If you can pinpoint the exact line of code that triggers the error, that would be a start. I don't know if your app runs as a service, but maybe try to run your app manually over SSH and look at console messages.

[menyDev]

I got the same issue as @mhammadzahi comments. I have an api deployed on google app engine, it was working great with version 4.6.0, but after the update to version 4.7.1 I only get 422 response. Currently, my solution was to return to version 4.6.0

[vimalloc]

@mhammadzahi

You shouldn't be using the flask dev server like that. Per their docs

When running publicly rather than in development, you should not use the built-in development server (flask run). The development server is provided by Werkzeug for convenience, but is not designed to be particularly efficient, stable, or secure.

Here is the documentation for doing that provided by flask:

• https://flask.palletsprojects.com/en/stable/deploying/
• https://flask.palletsprojects.com/en/stable/deploying/nginx/

RE the error message, I need the actual message returned by the response of the 422 Unprocessable Entity. I also still need to know how you are sending the JWTs to your backend. If you are using cookies for example, it's entirely possible you are running into some cross origin issues based on the domain your flask app is being served on compared to the nginx host.

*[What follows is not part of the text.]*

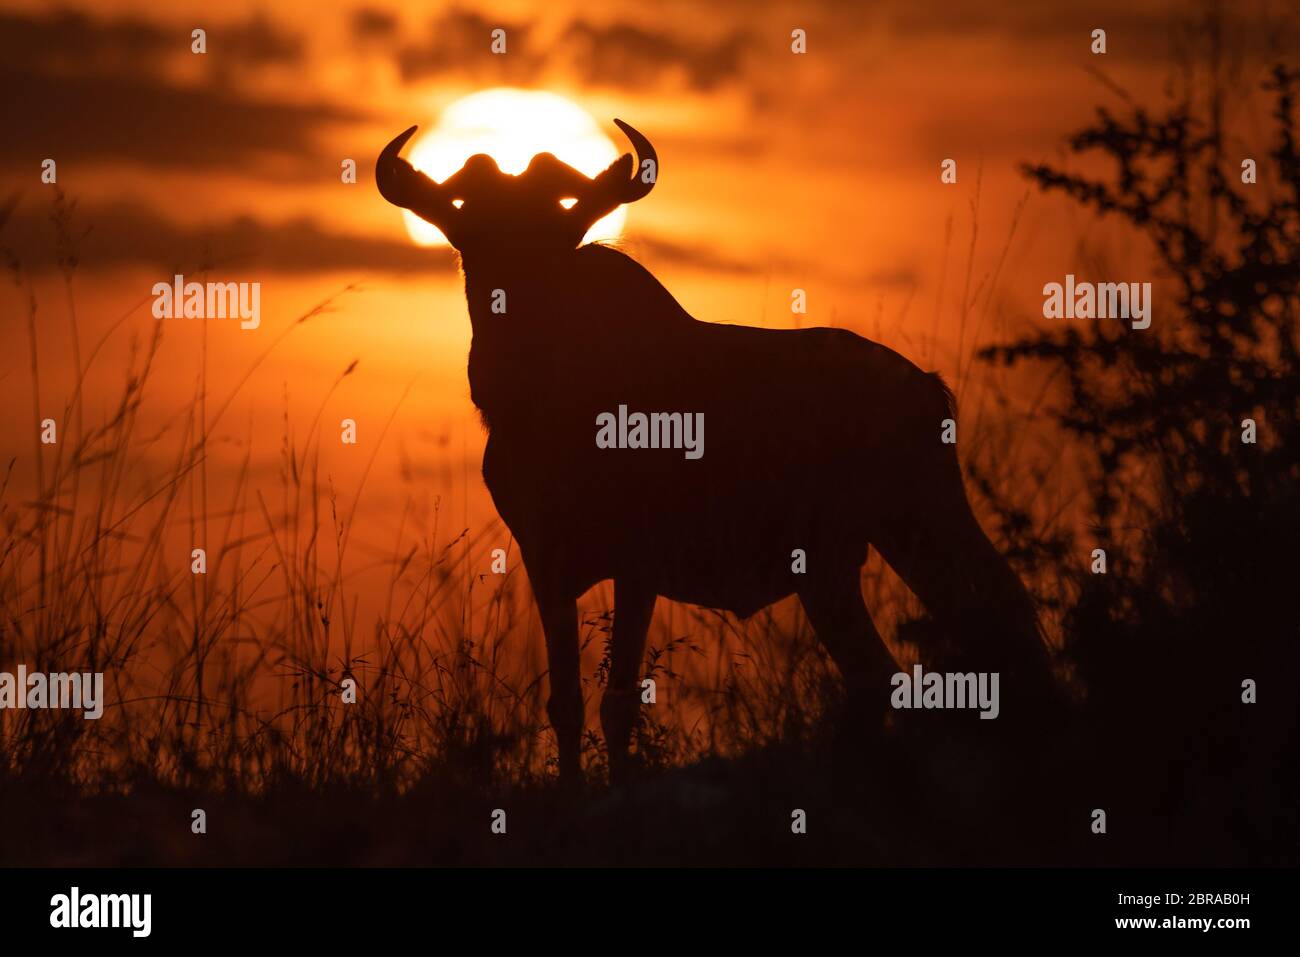 Blue wildebeest standing in silhouette against sunset Stock Photo

I think if you follow along with the official flask deployment instructions, and use a wsgi server configured with nginx, that will likely fix your issues.

[vimalloc]

@menyDev That's not going to be the same issue as this ticket. The only difference between 4.6.0 and 4.7.1 is we added the JWT_VERIFY_SUB option, due to a change with the underlying PyJWT library. I suspect you're running into something along those lines if 4.6.0 is working and 4.7.1 is not. Please look over that, and if you're still running into issues open a new issue.

(see: #561)

[mhammadzahi]

@vimalloc, You should not close it, I did not find the solution yet! your library is not working

[vimalloc]

That is not correct, this library is in fact working correctly, it’s your nginx setup that has an issue. Please see my above comment for further steps you can take to resolve the issue.

If you are unable to resolve the issue using the above steps, then please provide the details of what you tried, as well as the additional details I had asked for.